I earned a C on that midterm, and at the end of the semester I passed the
course. Now, more than two decades later, I still remember the feel of the
limestone underneath my fingers and the look of the delicate water
droplets on the spider webs. I also remember the wisdom of my elderly
professor, who understood what I had learned from the course even if I
could not replicate the terms on a diagram. Clearly, I did not choose to
major in geology, but I left the course with a layperson's strong (indeed,
lifelong) appreciation for the subject.
I am a verbal learner, one who learns best by reading and writing. Today,
given my difficulties in elementary and high school with visual learning and
coordination (tying shoes, replicating cursive writing, throwing a softball,
drawing a geometrical figure, driving a car, reading peers' facial
expressions), I might be diagnosed as having a nonverbal learning
disability. Had my admission to college been determined by standardized
"basic skills" tests in mathematics, I might well not have gotten in. I
certainly would have been advised to avoid that geology course -- and my
education would have suffered immeasurably.
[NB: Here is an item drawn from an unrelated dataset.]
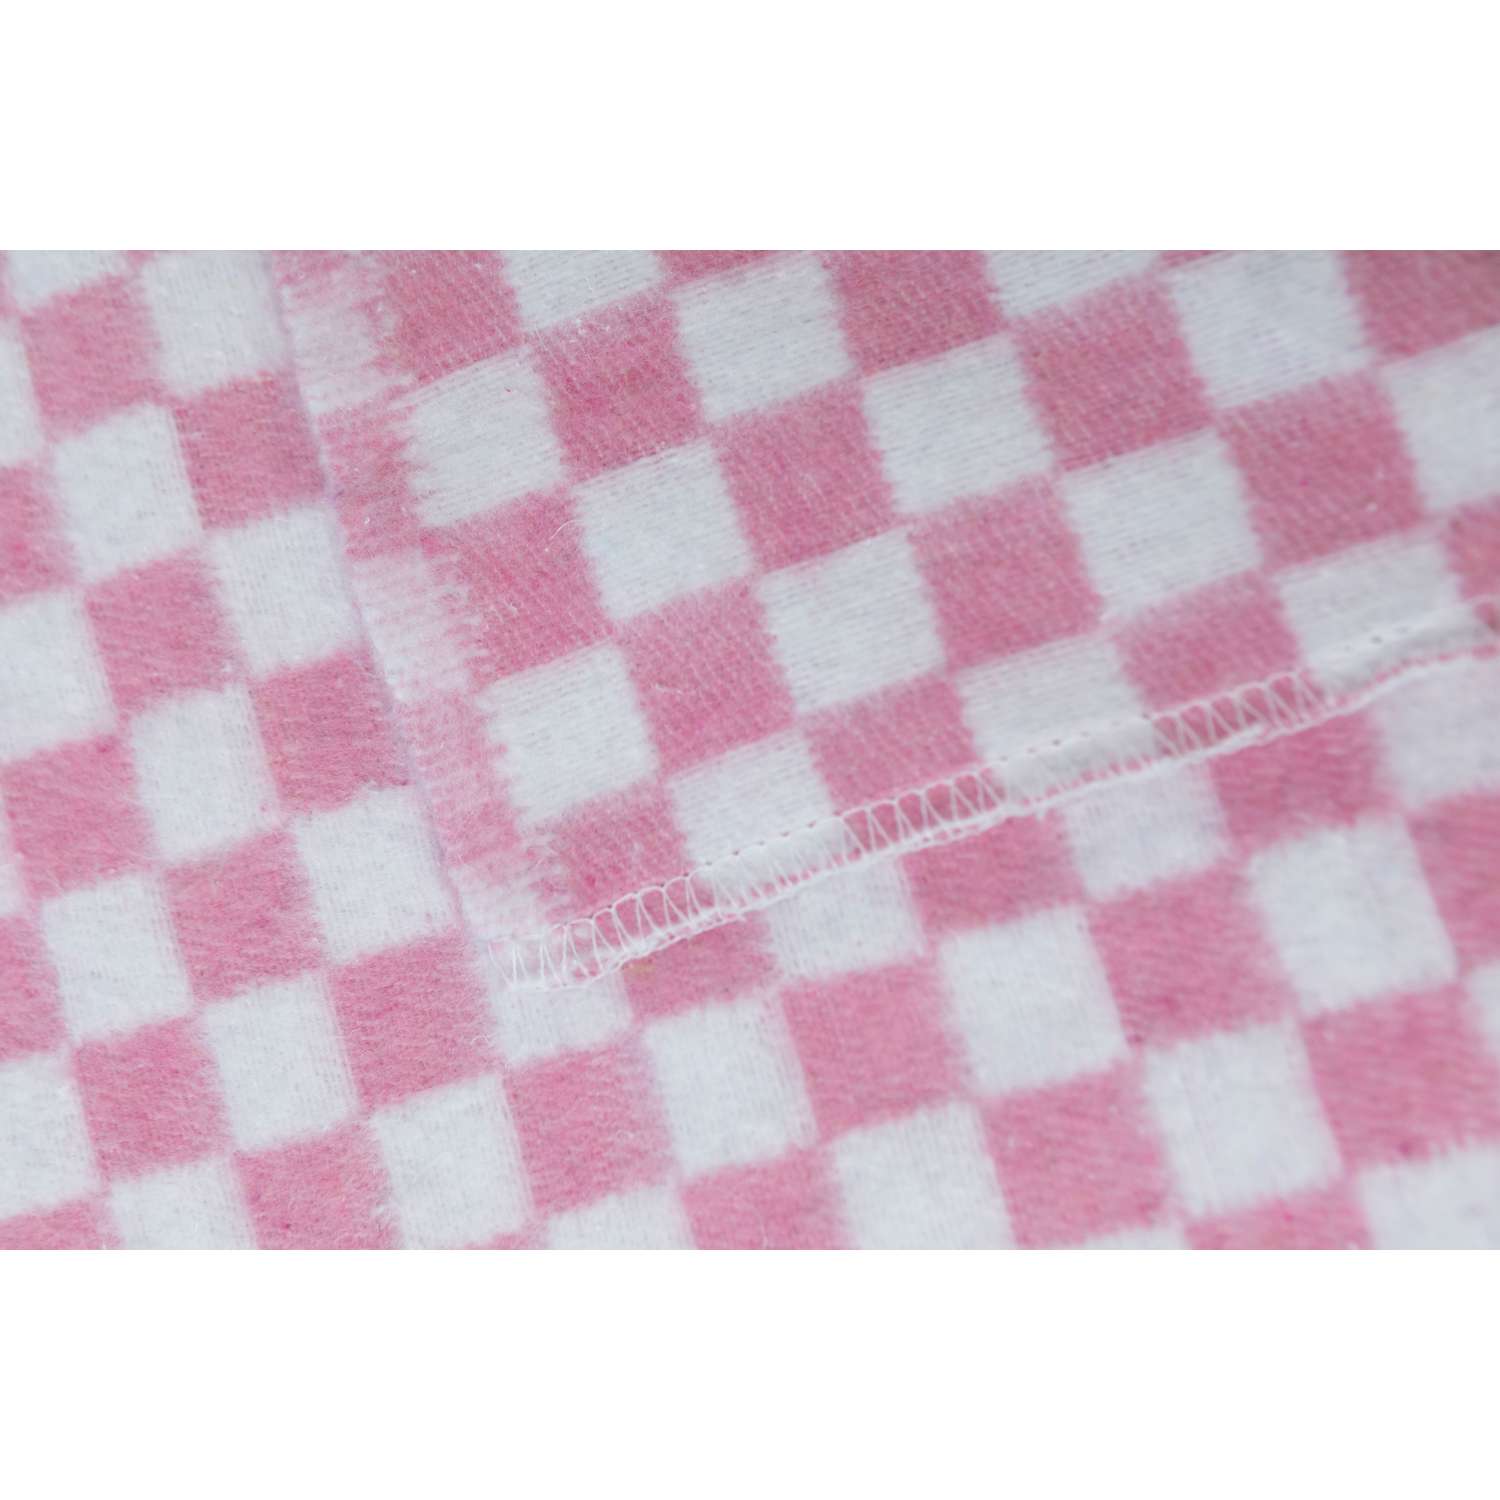 Одеяло байковое Суконная фабрика г. Шуя 140х205 рисунок клетка розовый - фото 2

Yet I realize that, were it not for the accident of my birth into a middle-class
background, those judgments could easily have been applied to me. I was
a quiet, well-behaved white girl with educated parents whose first language
was English, and I attended good suburban public schools. Once my
teachers learned how to decipher my hard-to-read handwriting (that was in
the days before computers), they were amazed at the mature prose I could
produce.
Teachers teach as they were once taught, and I have found the lessons
from my privileged education to be quite helpful. I remember my geology
professor's holistic approach to learning, the field trips that allowed me to
see and feel how geologists spend their days. That experience exposed
me to a different epistemology, one that has proved useful in my work with
developmental students, even if I no longer travel to limestone quarries to
do research.
With enough time and support for students as whole people with varied
interests and abilities -- and with unconventional ways of learning -- those
who need to take developmental courses can become valuable
contributors to the world at large. To deny them that opportunity, through
our own impatience and lack of understanding, is a terrible waste of
educational resources and of human lives.